Assignment:
An exact reproduction of the listing is wanted, with the pictures dropped.

Collected material:
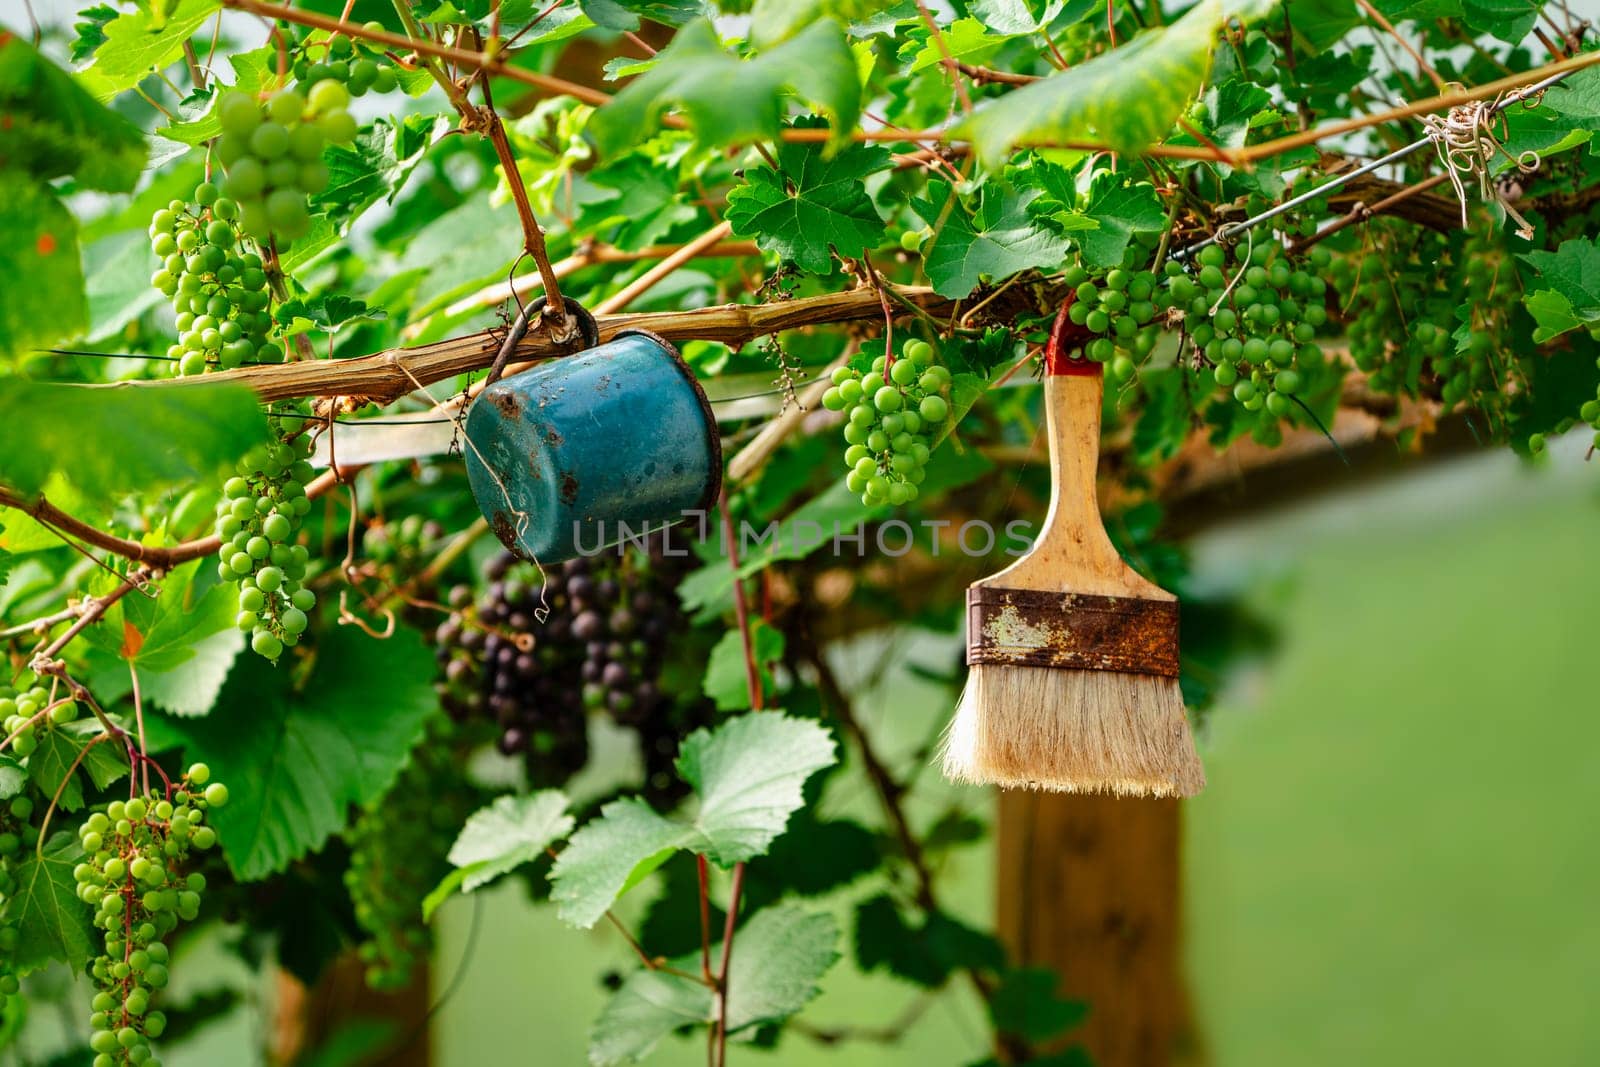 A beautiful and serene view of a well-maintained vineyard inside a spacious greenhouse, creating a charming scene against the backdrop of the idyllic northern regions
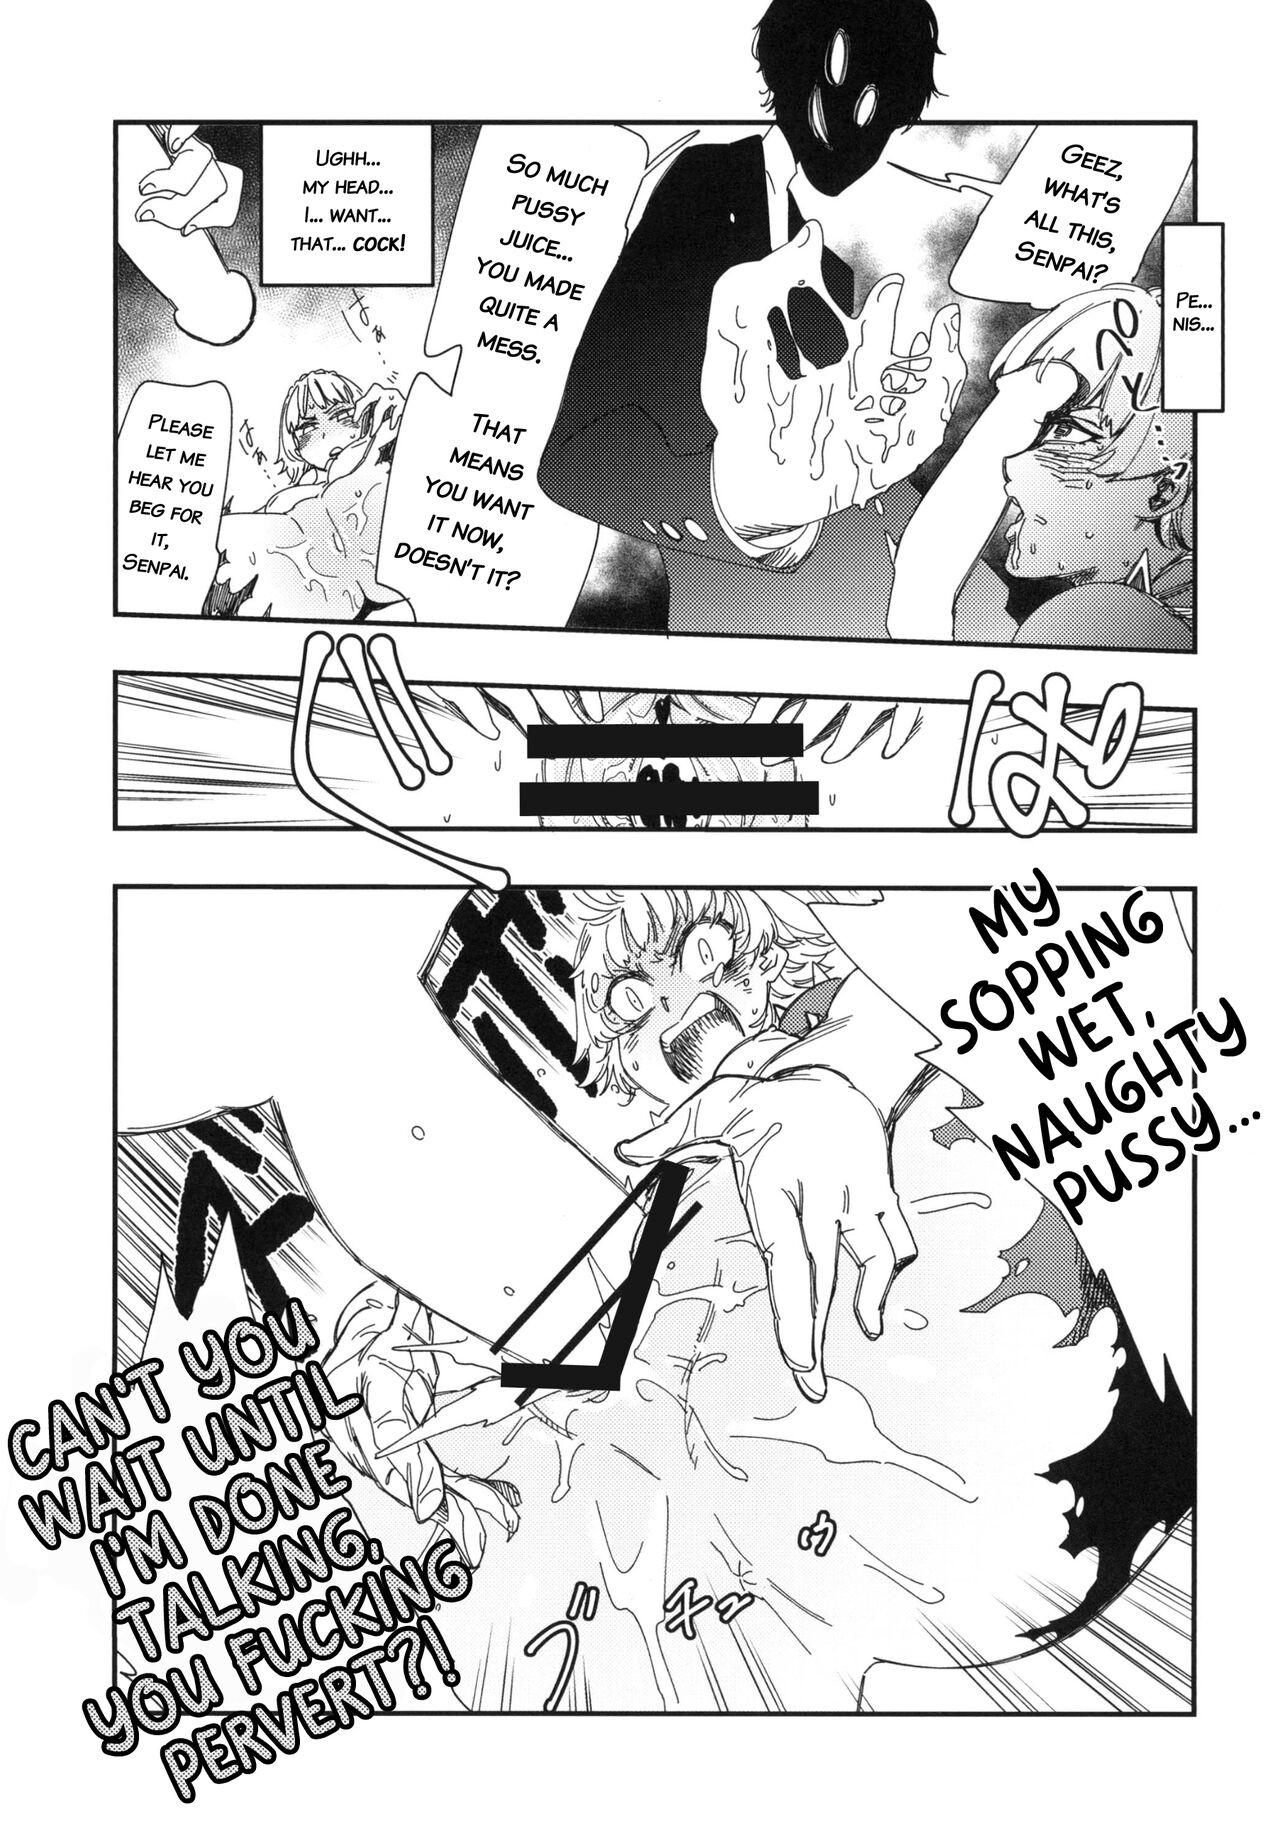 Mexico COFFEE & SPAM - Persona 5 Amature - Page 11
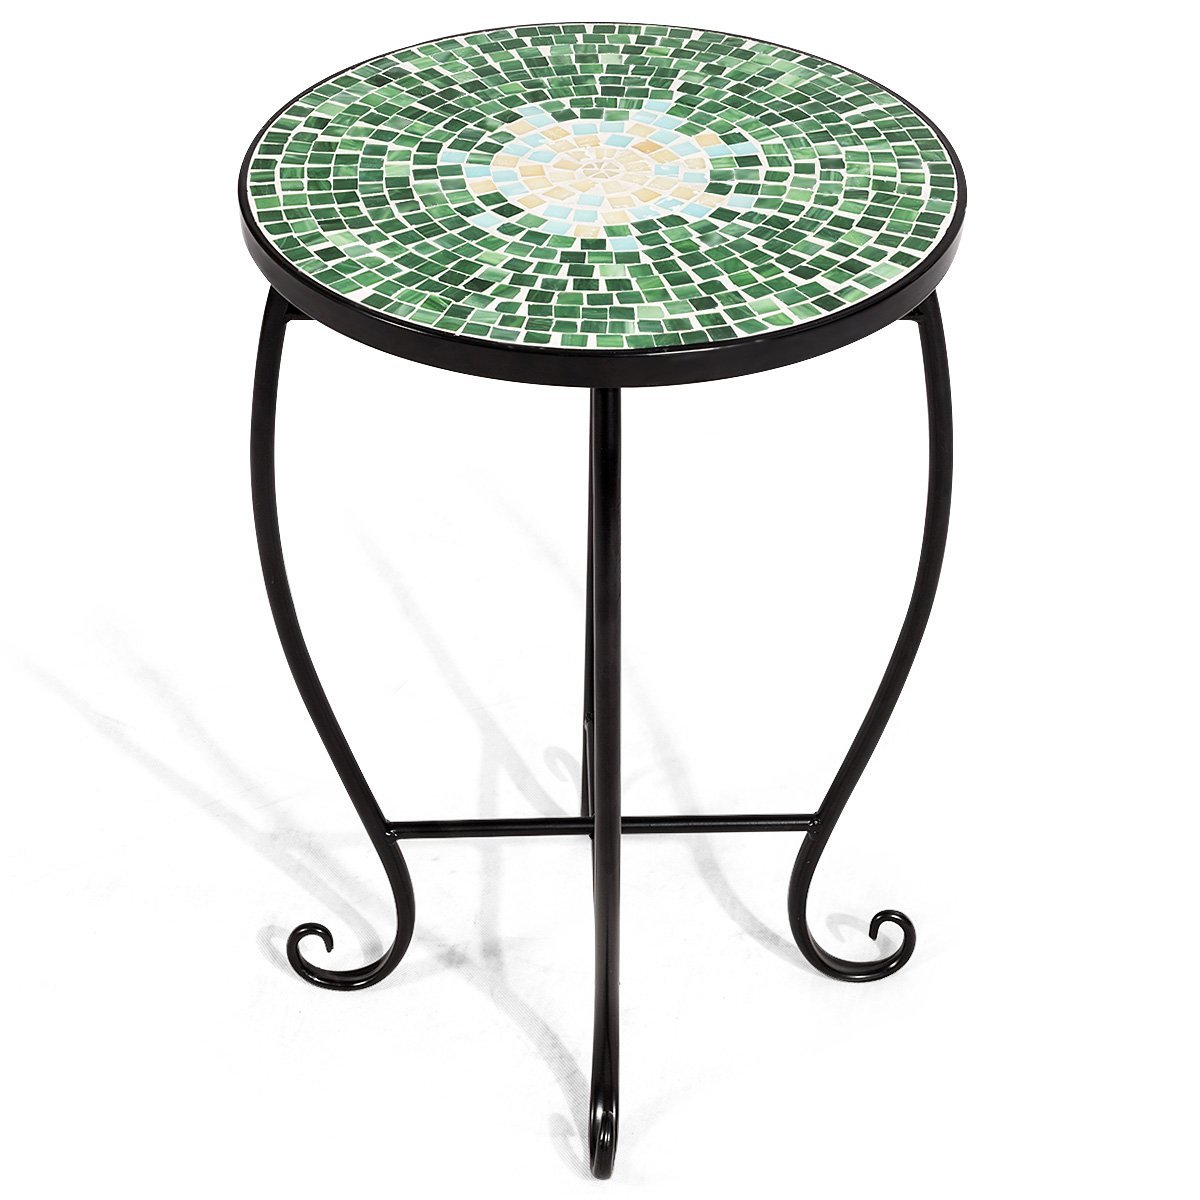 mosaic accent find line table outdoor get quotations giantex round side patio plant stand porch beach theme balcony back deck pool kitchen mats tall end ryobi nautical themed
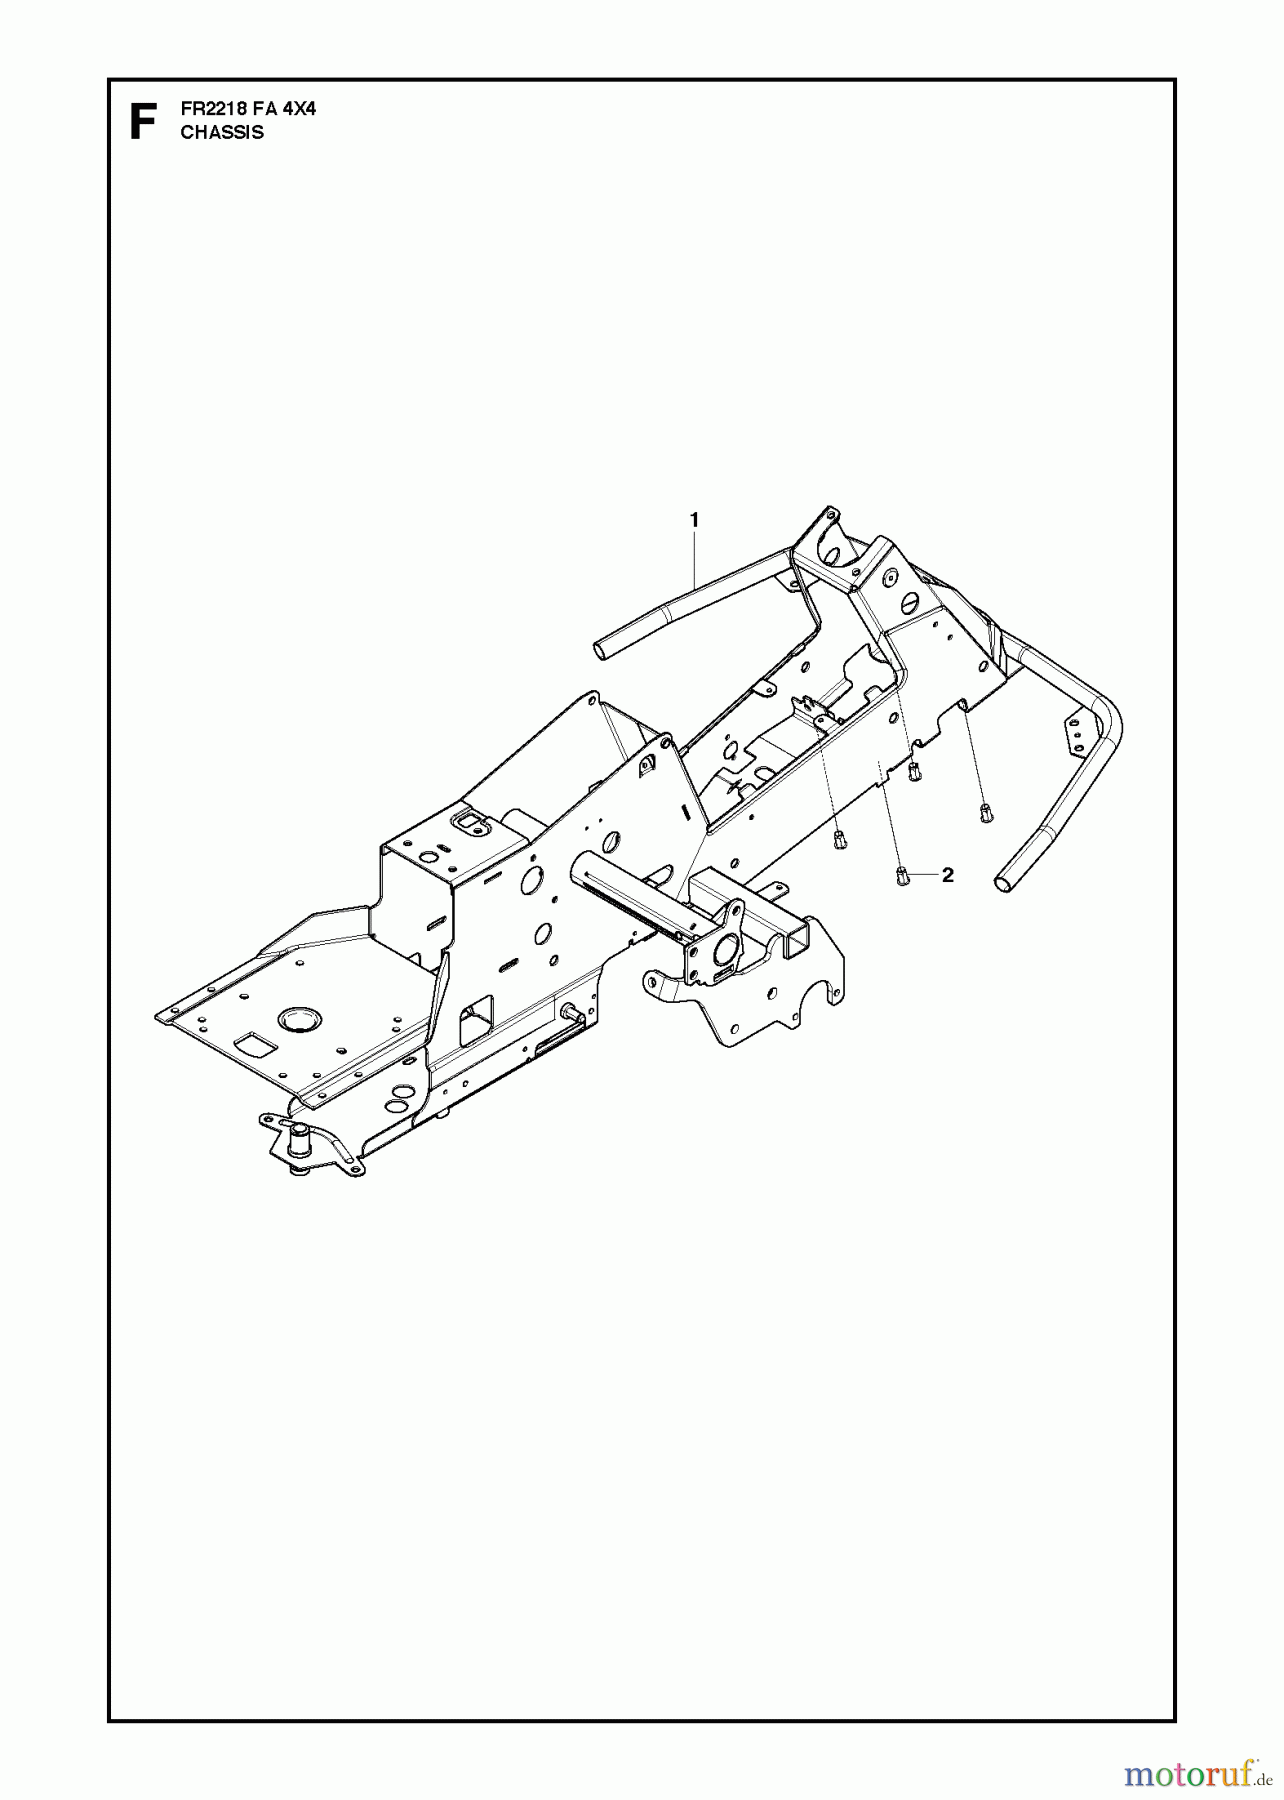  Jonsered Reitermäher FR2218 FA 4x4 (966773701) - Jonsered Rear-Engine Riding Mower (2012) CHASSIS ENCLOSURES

Task response:
 A beautiful and serene view of a well-maintained vineyard inside a spacious greenhouse, creating a charming scene against the backdrop of the idyllic northern regions
 Mexico COFFEE & SPAM - Persona 5 Amature - Page 11
 mosaic accent find line table outdoor get quotations giantex round side patio plant stand porch beach theme balcony back deck pool kitchen mats tall end ryobi nautical themed
  Jonsered Reitermäher FR2218 FA 4x4 (966773701) - Jonsered Rear-Engine Riding Mower (2012) CHASSIS ENCLOSURES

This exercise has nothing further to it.